I did the following steps, but it failed:
-
Create ‘.pt’ file from the finetuning checkpoint
def save_model(my_checkpoint_path):
model = Wav2Vec2ForCTC.from_pretrained(my_checkpoint_path)
torch.save(model.state_dict(), my_model.pt) -
Decoding
I used the decoding step command from the following webpage https://github.com/pytorch/fairseq/blob/master/examples/wav2vec/README.md#evaluating-a-ctc-model
$subset=dev_other
python examples/speech_recognition/infer.py /checkpoint/abaevski/data/speech/libri/10h/wav2vec/raw --task audio_pretraining
–nbest 1 --path /path/to/model --gen-subset $subset --results-path /path/to/save/results/for/sclite --w2l-decoder kenlm
–lm-model /path/to/kenlm.bin --lm-weight 2 --word-score -1 --sil-weight 0 --criterion ctc --labels ltr --max-tokens 4000000
–post-process letter
I replaced /path/to/model with “my_model.pt”.
Then, I am getting the following error message.

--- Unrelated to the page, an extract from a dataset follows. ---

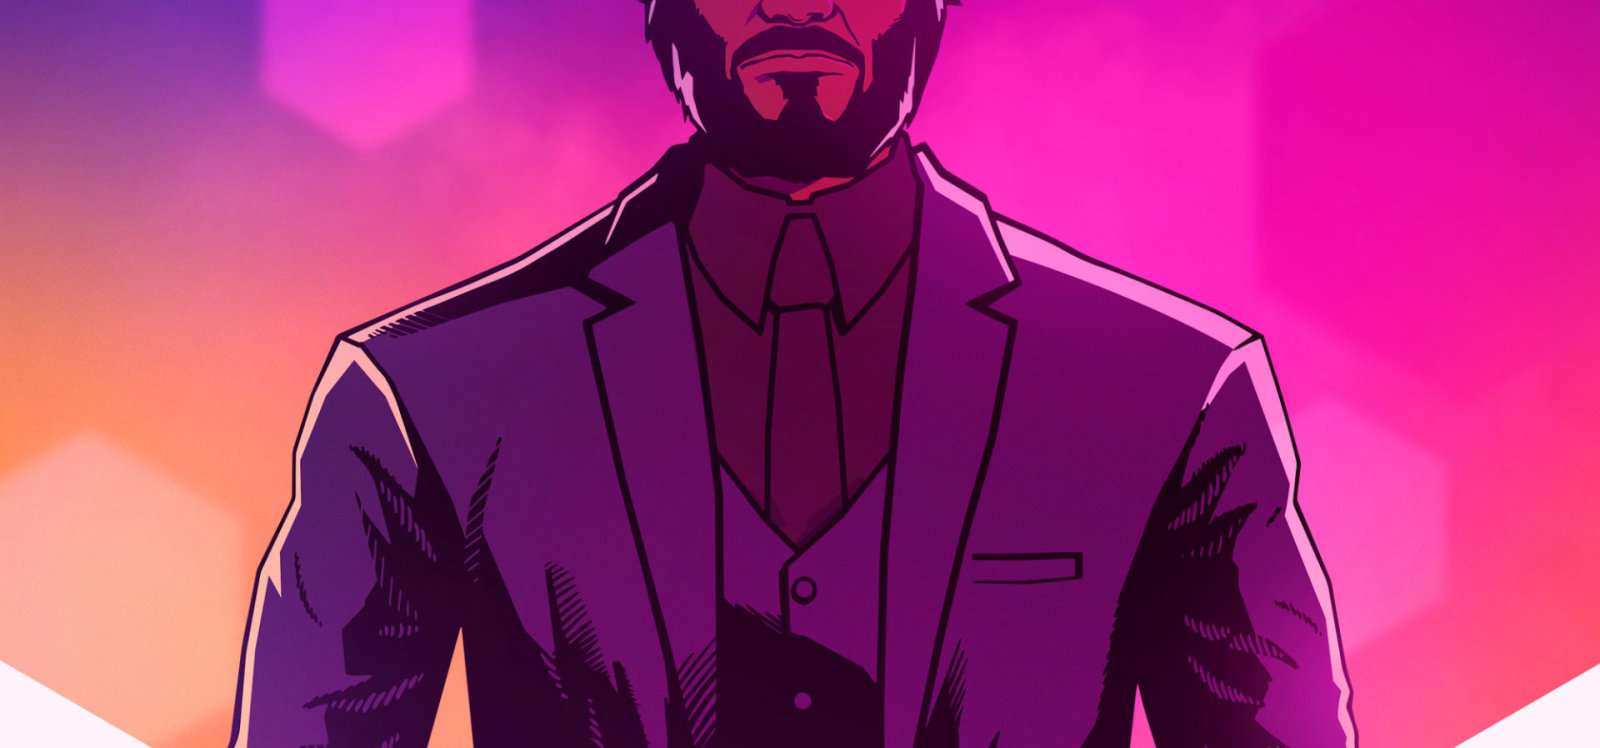 《疾速备战》改编游戏《John Wick Hex》正式公布

Traceback (most recent call last):
File “/mount/fairseq/examples/speech_recognition/infer.py”, line 427, in
cli_main()
File “/mount/fairseq/examples/speech_recognition/infer.py”, line 423, in cli_main
main(args)
File “/mount/fairseq/examples/speech_recognition/infer.py”, line 229, in main
models, saved_cfg, task = checkpoint_utils.load_model_ensemble_and_task(
File “/mount/fairseq/fairseq/checkpoint_utils.py”, line 370, in load_model_ensemble_and_task
state = load_checkpoint_to_cpu(filename, arg_overrides)
File “/mount/fairseq/fairseq/checkpoint_utils.py”, line 304, in load_checkpoint_to_cpu
state = _upgrade_state_dict(state)
File “/mount/fairseq/fairseq/checkpoint_utils.py”, line 456, in _upgrade_state_dict
{“criterion_name”: “CrossEntropyCriterion”, “best_loss”: state[“best_loss”]}
KeyError: ‘best_loss’
When I googled it, this seems relevant to removal of the optimization history logs:
This happens because we remove the useless optimization history logs from the model to reduce the file size. Only the desired model weights are kept to release. As a result, if you directly load the model, error will be reported that some logs are missed.
So how can I save the finetuning model compatible to “fairseq”. Should I store the optimization history? If yes, how can I do it? Does anyone have same experience? If yes, could you please share it with me? Thank you always.